I will not otherwise mention that stealing .c code from the core is a
dangerous practice.
This is actually a bug in the module, which had been masked until now.
The first two parameters to utf8_to_uvchr_buf() are both U8*. But both
's' and PL_bufend are char*. The 's' has a cast to U8* in the failing
line, but not PL_bufend.
Interestingly, the line in the official toke.c (introduced in
4b88fb76)
has always been right, so the stealer didn't copy it correctly.
What
de69f3af3 did was turn this former function call into a macro that
manipulates the parameters and calls another function, thereby removing
a layer of function call overhead.
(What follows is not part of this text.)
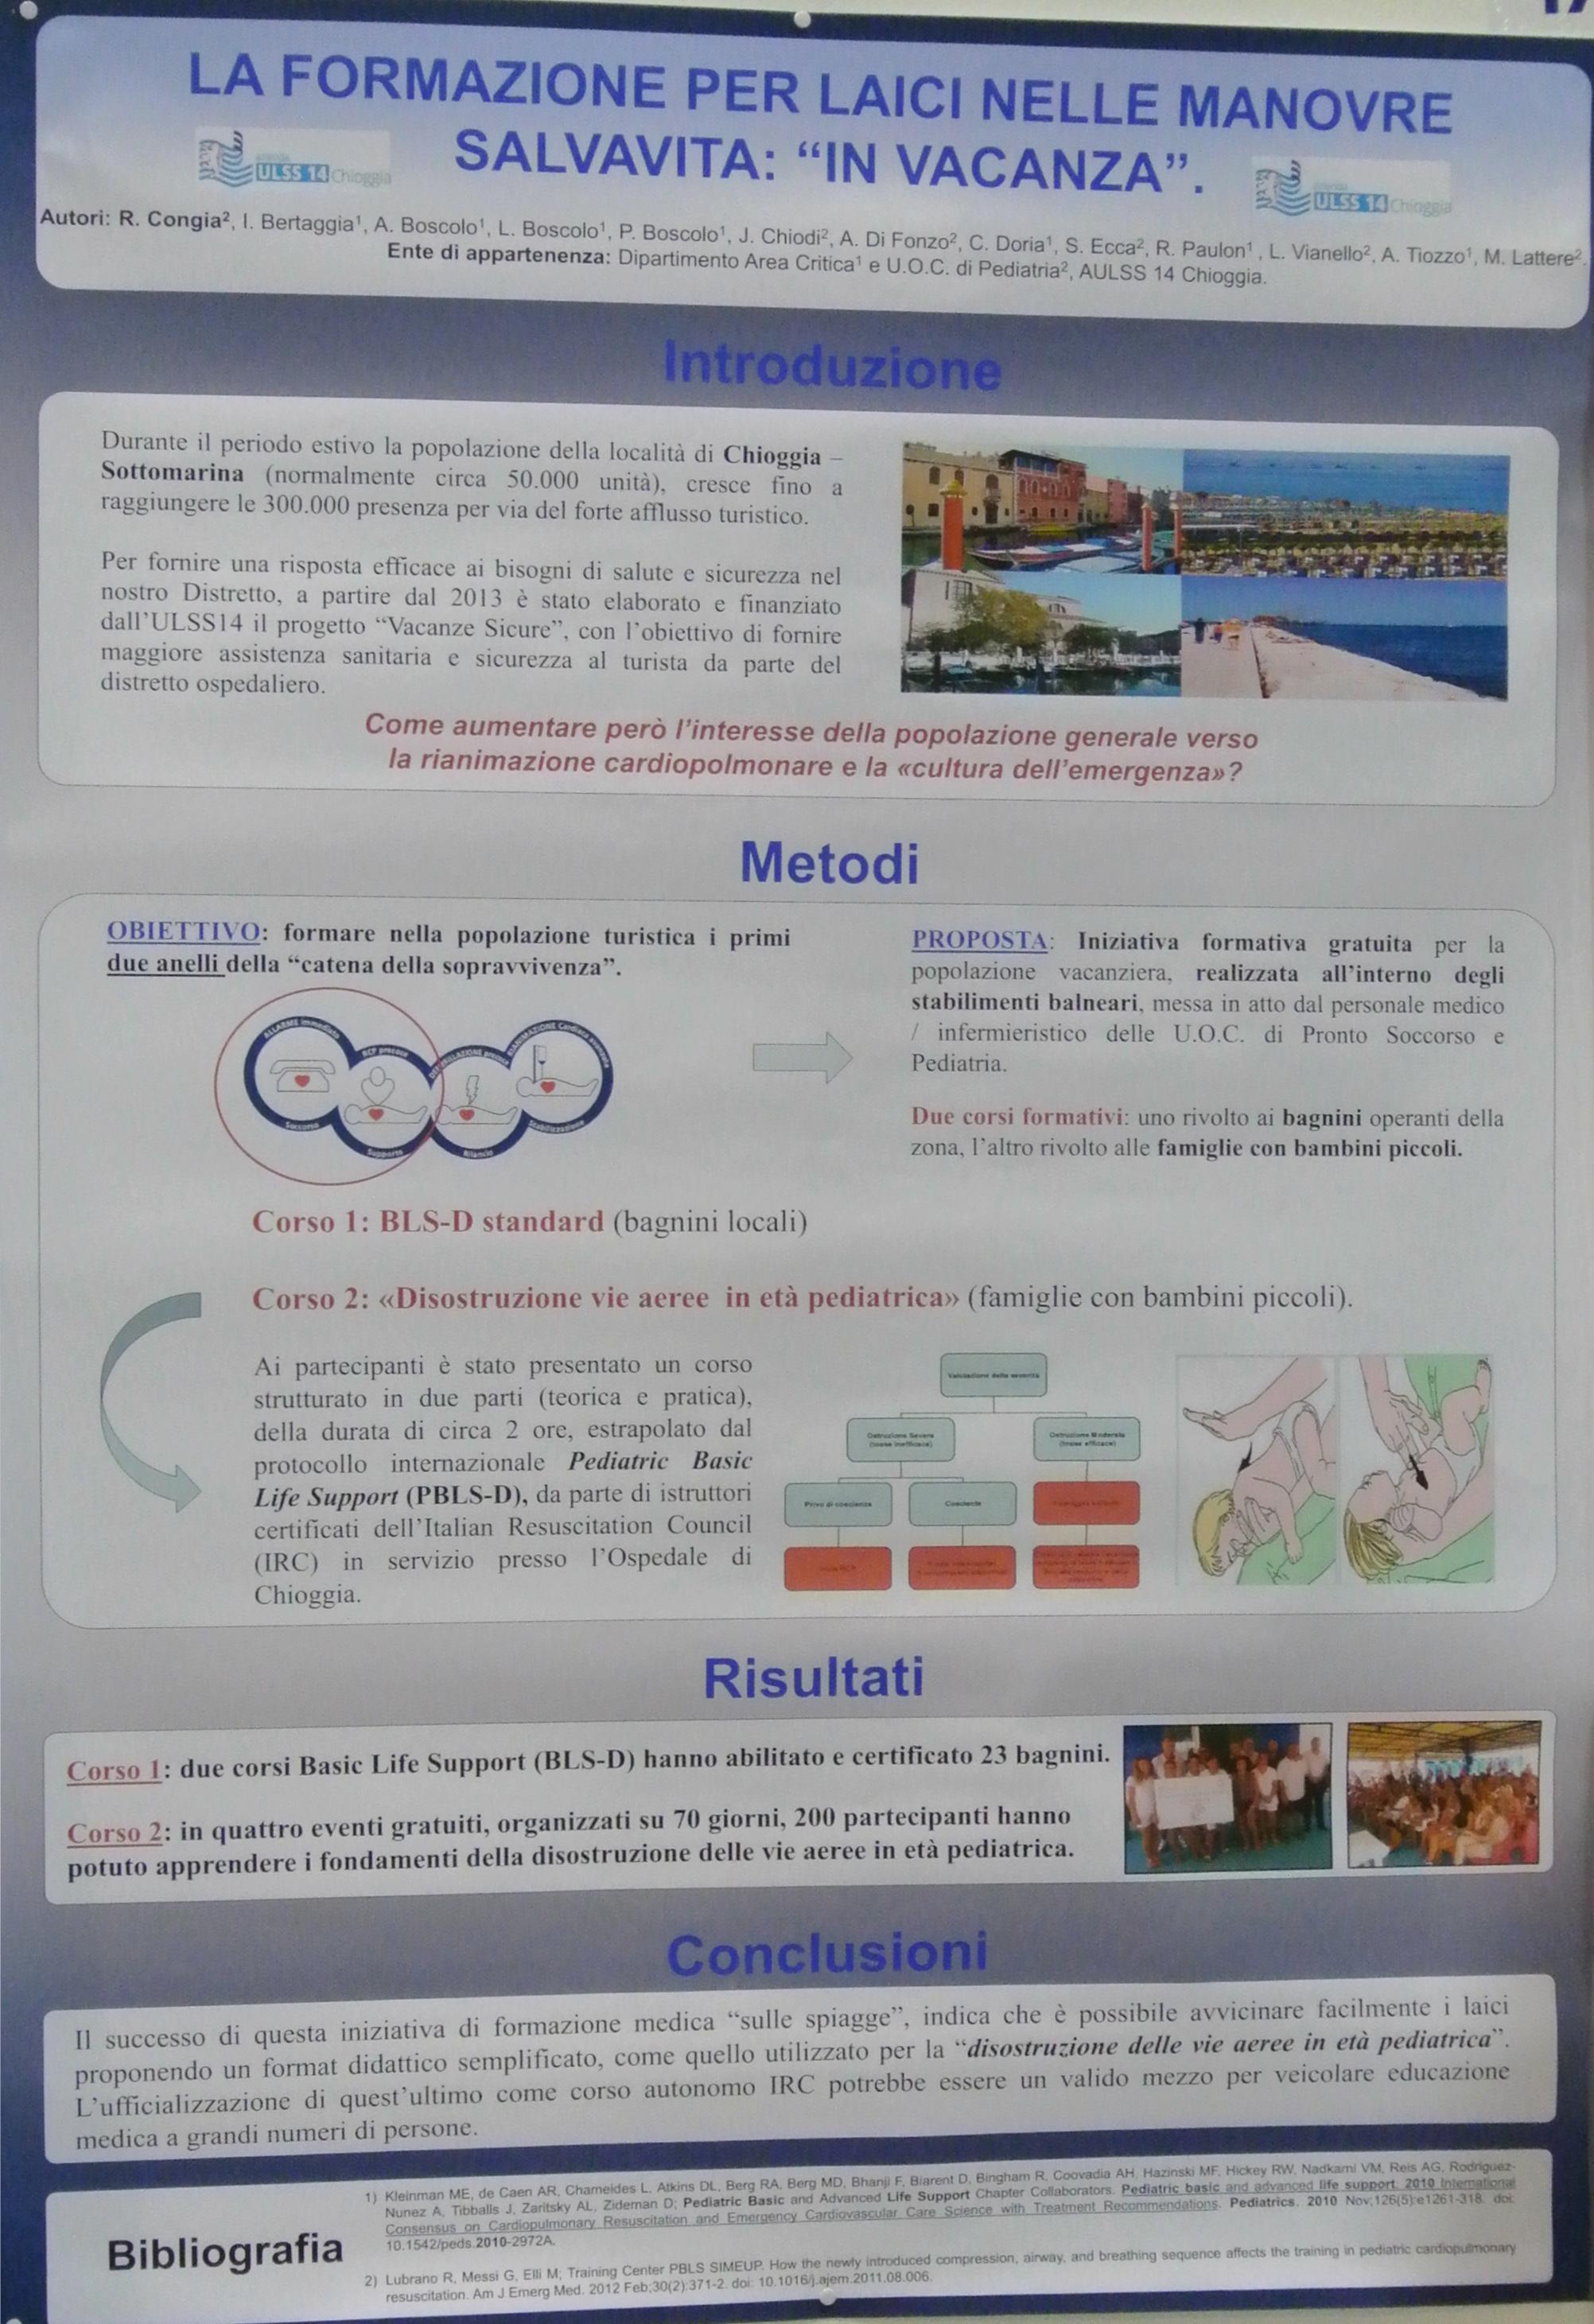 17-laici-formazione-salvavita-congia-bertaggia-bosolo-chiodi-fonzo-doria

The manipulation involves
subtracting 's' from PL_bufend, and this fails to compile due to the
missing cast on the latter parameter.
The problem goes away if the macro casts both parameters to U8*, and
that is what this commit does.
#define uvchr_to_utf8_flags(d,uv,flags) \
uvoffuni_to_utf8_flags(d,NATIVE_TO_UNI(uv),flags)
#define utf8_to_uvchr_buf(s, e, lenp) \
- utf8n_to_uvchr(s, (e) - (s), lenp, \
+ utf8n_to_uvchr(s, (U8*)(e) - (U8*)(s), lenp, \
ckWARN_d(WARN_UTF8) ? 0 : UTF8_ALLOW_ANY)
#define to_uni_fold(c, p, lenp) _to_uni_fold_flags(c, p, lenp, FOLD_FLAGS_FULL)